Tuesday, January 22, 2013

Legal expertise required

Regarding the matter of beneficiaries adding children to an existing benefit, legislation currently before select committee states,

Where a sole parent has a subsequent child on benefit, their
work expectations will be deferred for 12 months and will resume
based on the age of the previous youngest dependent child.

 Further into the bill (pg 16) the following appears:


Beneficiaries   having additional
dependent child:  exempting people
resident in certain overseas countries, and
eligibility for sole parent support



.....The third amendment inserts a new section 60GAE(3A), which varies section 60GAE(2) as applied to a determination of a specified kind of beneficiary’ s eligibility for sole parent support. The variation re-quires an additional dependent child of the beneficiary not to be included in the determination not merely once that child is aged 1 year old or over, but instead at all times after that child is born.

Am I correct in interpreting this as meaning at discretion Work and Income can decide not to include a newborn when assessing eligibility for benefit type? So if a sole parent beneficiary has been assessed eligible for Jobseeker Support, and is being work-tested accordingly, the birth of another baby will not change that?

It's complicated and requires reading of the section from pg 16-17

3 comments:

Anonymous said...

Unlikely - and even if it did, what's the chance the Labour-appointed WINZ leftist bureaucrats will enforce the new rules?

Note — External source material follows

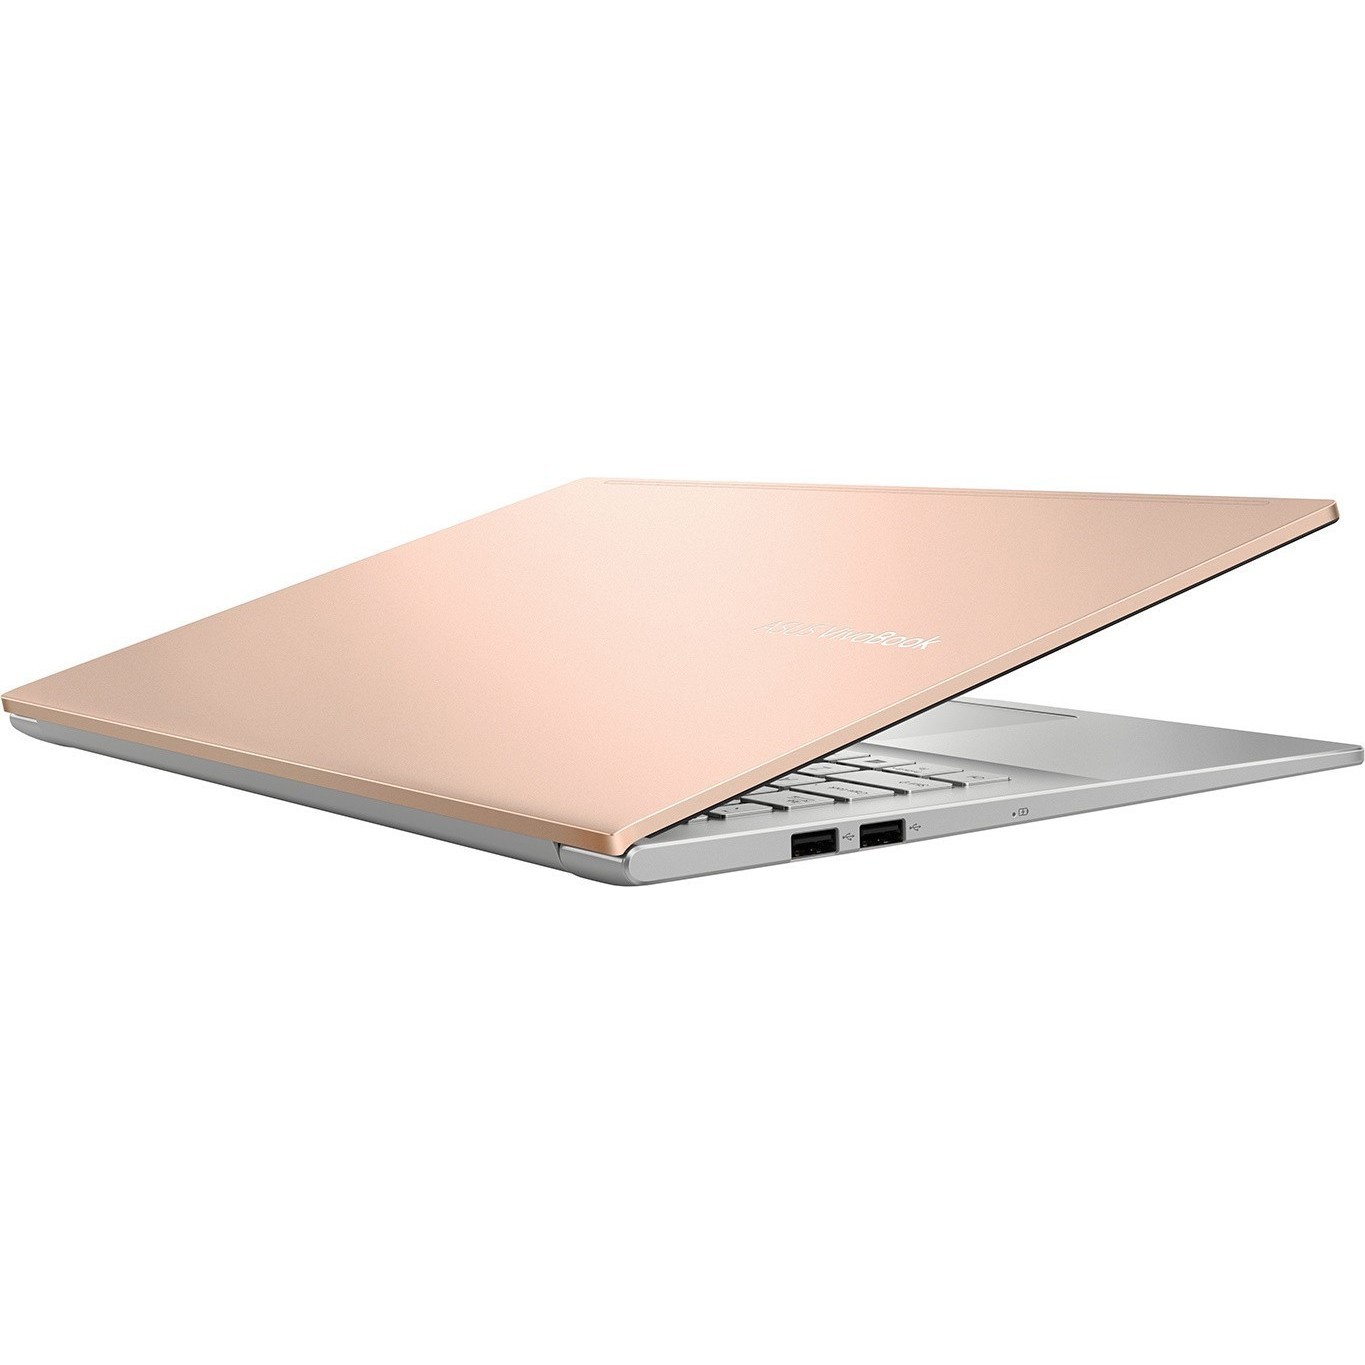 Ноутбук Asus Vivobook 15 M513ua Bq002t Купить
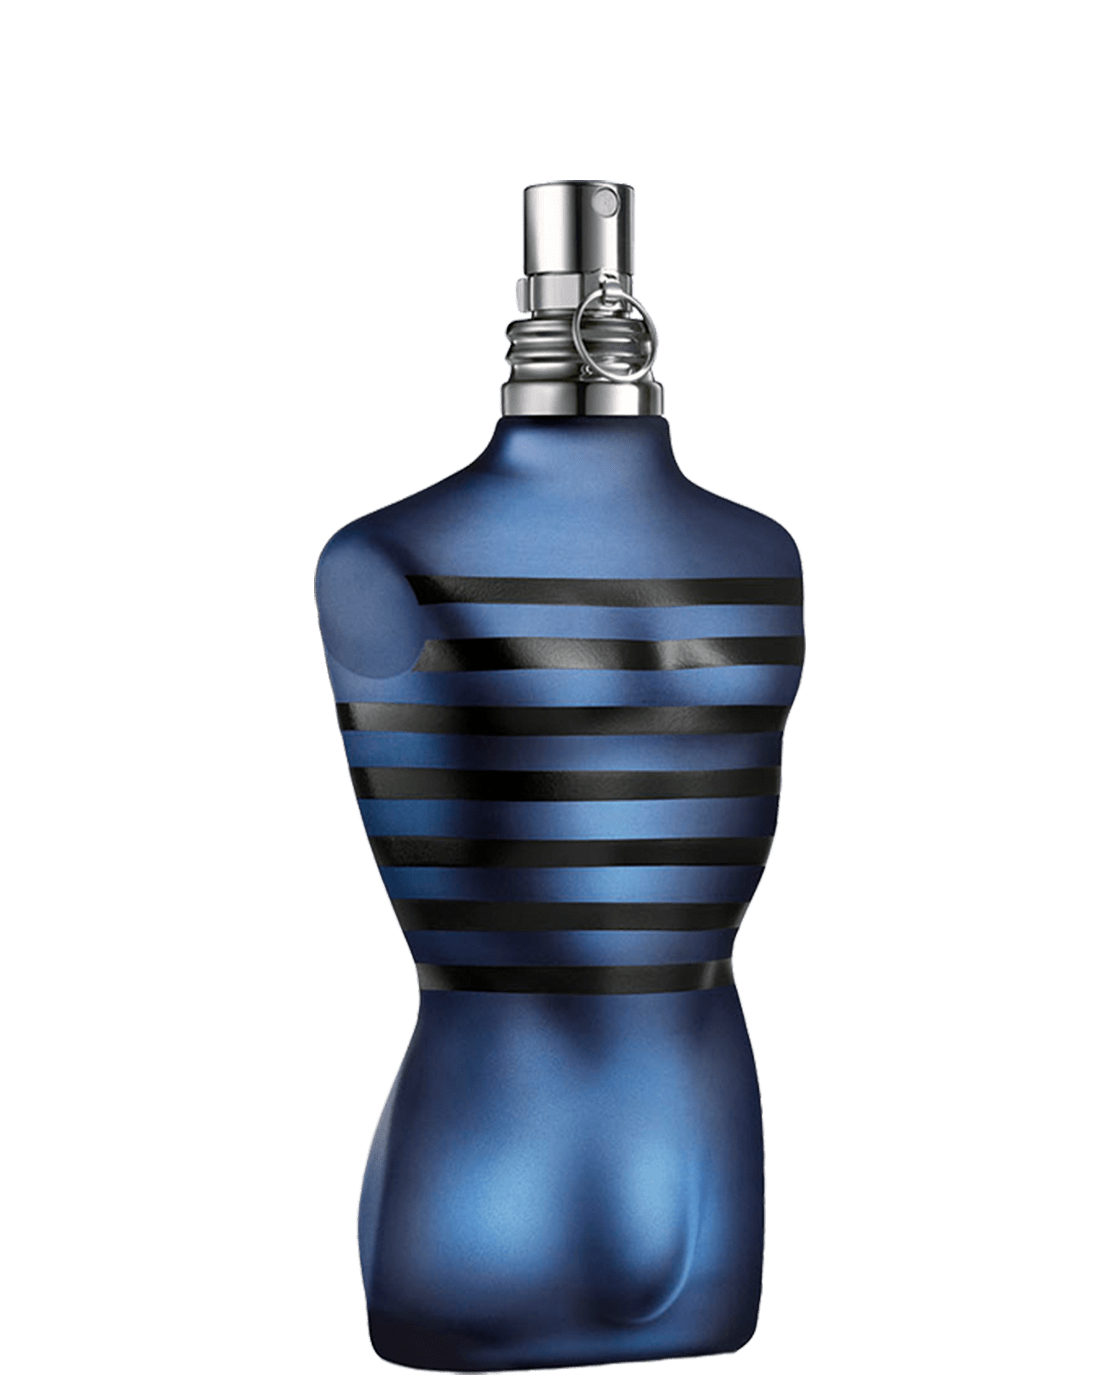 Jean Paul Gaultier Ultra Male For Men Eau de Toilette Intense - Le  Parfumier Perfume Store

Face it Lindsay - incremental change is never going to make any difference to the welfarist mentality of NZ.

The only solution is the fire them all - and stop the benefits

Anonymous said...

I wonder if that covers people leaving relationships with a young child and pregnant, for the first time applying.

The next child, even if born a week or two later, will be 'added' to the benefit. In Aus they cover this by 'any child added to the benefit within 10 months (to cover overdue babies) to cover such situations.

Anonymous said...

I find it interesting that they have dropped the 15 hour requirement for childcare, and just state enrolled in a registered childcare centre.
Fantastic!
I do not think we should be cutting peoples benefits for taking children to Kindy (only 6-10 hours for 3 year olds) Playcentre or Kohunga. Kindergarten and the Playcentre associations both stood up at select committee meetings against the 15 hour requirement. I wonder if that means it has worked and common sense has prevailed.

I read that bit you are talking about as, there are some instances where they will not enforce the jobseekers benefit, allowing some to stay on the sole support? I suppose this would happen for disabled children that need round the clock care? People that leave a relationship pregnant with a child already? I don't know. Could be reading it wrong.